25、大切なこと
ミッチーが出かけた後。
冷凍ご飯をチンして、卵雑炊を作って食べた。
鳥のひき肉を入れ和風出汁とショウガで味付けした後、溶き卵を落とし万能ねぎを散らばせた、シンプルだけど栄養満点の雑炊だ。
結局ランチを中止してそのまま帰宅したからお腹が空いていて、気がつくとあっという間に平らげてしまっていた。
「・・・・・・・。」
「どうしたんだい?急にそんな難しい顔して。お茶、冷めるよ?」
れんげを持ったまま、空になった丼椀をじっと見つめていたら、向かいでお茶を飲んでいたママが話しかけてきた。
慌ててれんげを置いて、ママが淹れてくれたお茶を口にした。
八女茶の甘みと茶葉の香りがたった美味しいお茶を味わいながら、ホッと一息つくと私はママを見つめた。
言い方を変えてみたって、私の心が変わるわけではないので、私はそのままを告げることにした。
「大変な事、ショックな事があっても、私って・・・食べ物が喉を通らないってことにはならないんだよね、昔から。本当に、生きることに貪欲で、食い意地が張ってる女だなぁって思っていたところ。」
私がそう言うと、ママは目を細めフッと笑った。
「何だ、そんな風に自分のこと思っているのかい?それが、エミの良いところなのに。」
「ええっ!?」
「子供が生きることに貪欲って、親にとったら何よりもありがたい事なんだよ?私は、何度エミのそういうところに助けられたか・・・パパが亡くなった時、私はあんたをしっかり育てていかないといけないって頭ではわかっていても、心と体がショックで中々動かなくてさ・・・だけど、あんた凄く悲しんでいるのに、ちゃーんと食事の時間になったらお腹空いたって私に言ってくれて。それで、私も三食を意識することが出来て・・・あんたがショックを受けて食欲までなくしていたら、もしかしたら2人して病気になっていたかもしれない。それからあんたの声が出なくなった時も、食べたいって気持ちだけはあったから、それだけでも私は救われたんだよ。ノリコだってそうさ。最初あの子が家へ来た時、かなり栄養不足で衰弱していたんだよ。あまり食べさせてもらえなかったみたいで、胃も小さくてね。だけど、あんたがあの子に根気よく食べさせてくれて・・・ノリコは体力が回復しただけじゃなくて、食事の楽しさもあんたから教わったんだよ。」
「・・・・・・・。」
思ってもいないママの言葉に私はびっくりした。
いや、逆にパパが亡くなって数時間後に、お腹空いたとご飯を要求したデリカシーの無さを大人になって思い返して、あれはなかった・・・と思っていたのに。
そんな肯定的に思ってくれていたなんて。
ノリコの食事のことだって、ノリコの為っていうよりノリコが死んでしまうのではという私の恐怖心から必死で世話をしただけのことだし。

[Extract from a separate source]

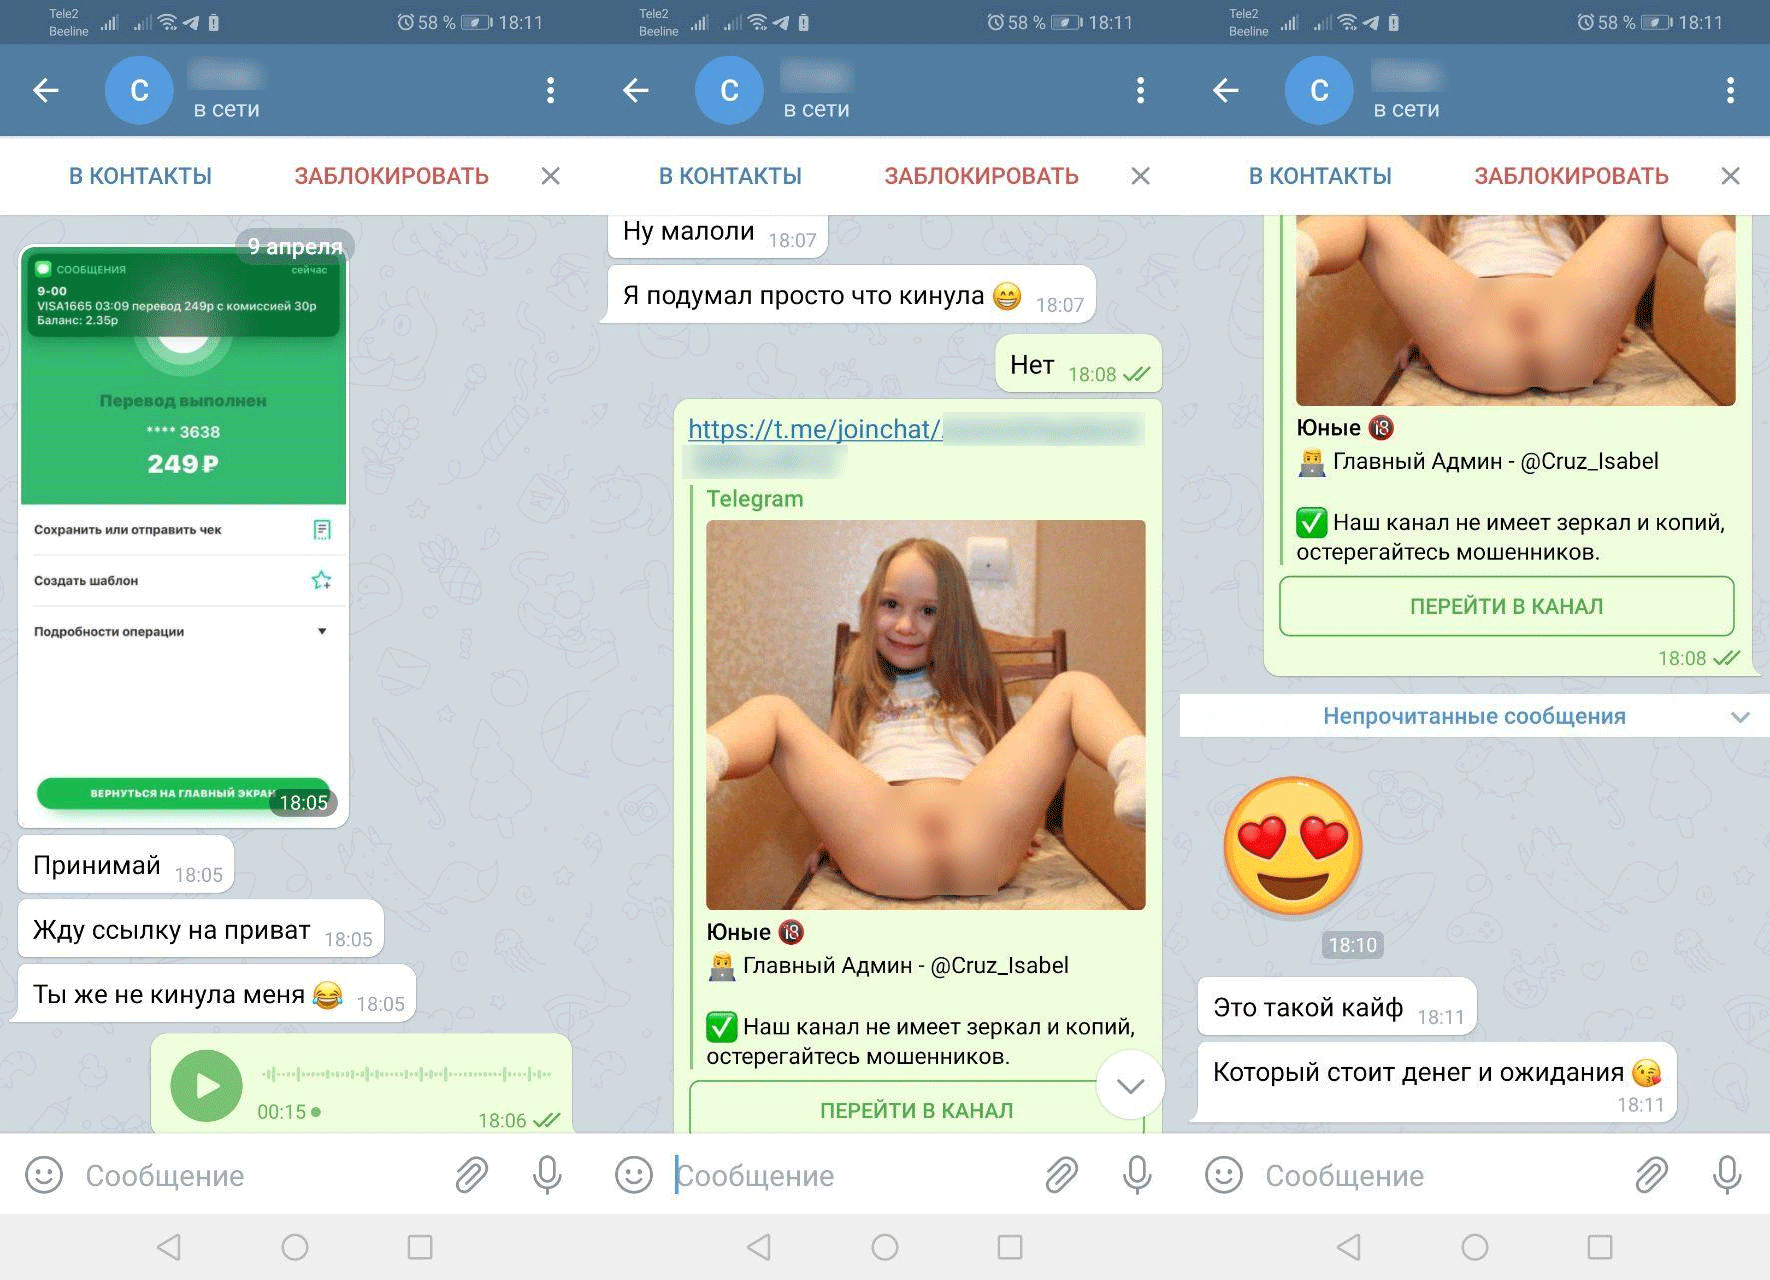 Porn links in telegram

元気になってからは、私の料理が美味しいって嬉しそうな顔をするノリコが、ただただ可愛くて食べさせているだけだし・・・うん、それって私の為なんだよね。
それなのに―――
「結局、あんたはパパに似たんだろうね。あの人も小食でもきちんと三食をとる人だったし。家族で一緒に美味しいものを食べて、食事を楽しむ人だった・・・体は弱かったけど、そういう生きる強さを持った人だった。子供を持ってみて、そういう強さっていうのが家庭には必要だとつくづく思ったよ。ミッチーもさ、エミのそういうブレない芯の強さに惹かれているんだと思うよ。さっき、あんたがミッチーに言った事・・・ここにちゃんと帰ってくることが前提って・・・確かにそうなんだよね。何があったって、生きる事・・・それが一番大事なことだ。私もダメだね・・・目の前のショックなことに気持ちを持っていかれて、大切なことがブレるところだった。親のくせに、子供に教えられるなんてね・・・だけど、あんたは凄いよ。自然にそれができる・・・本当に、私の自慢の娘だよ。」
食い地が張っている自分自身に自己嫌悪をしかけていたら、まさかママにその食い地で褒められるなんて・・・しかも、自慢の娘なんて言葉まで飛び出して。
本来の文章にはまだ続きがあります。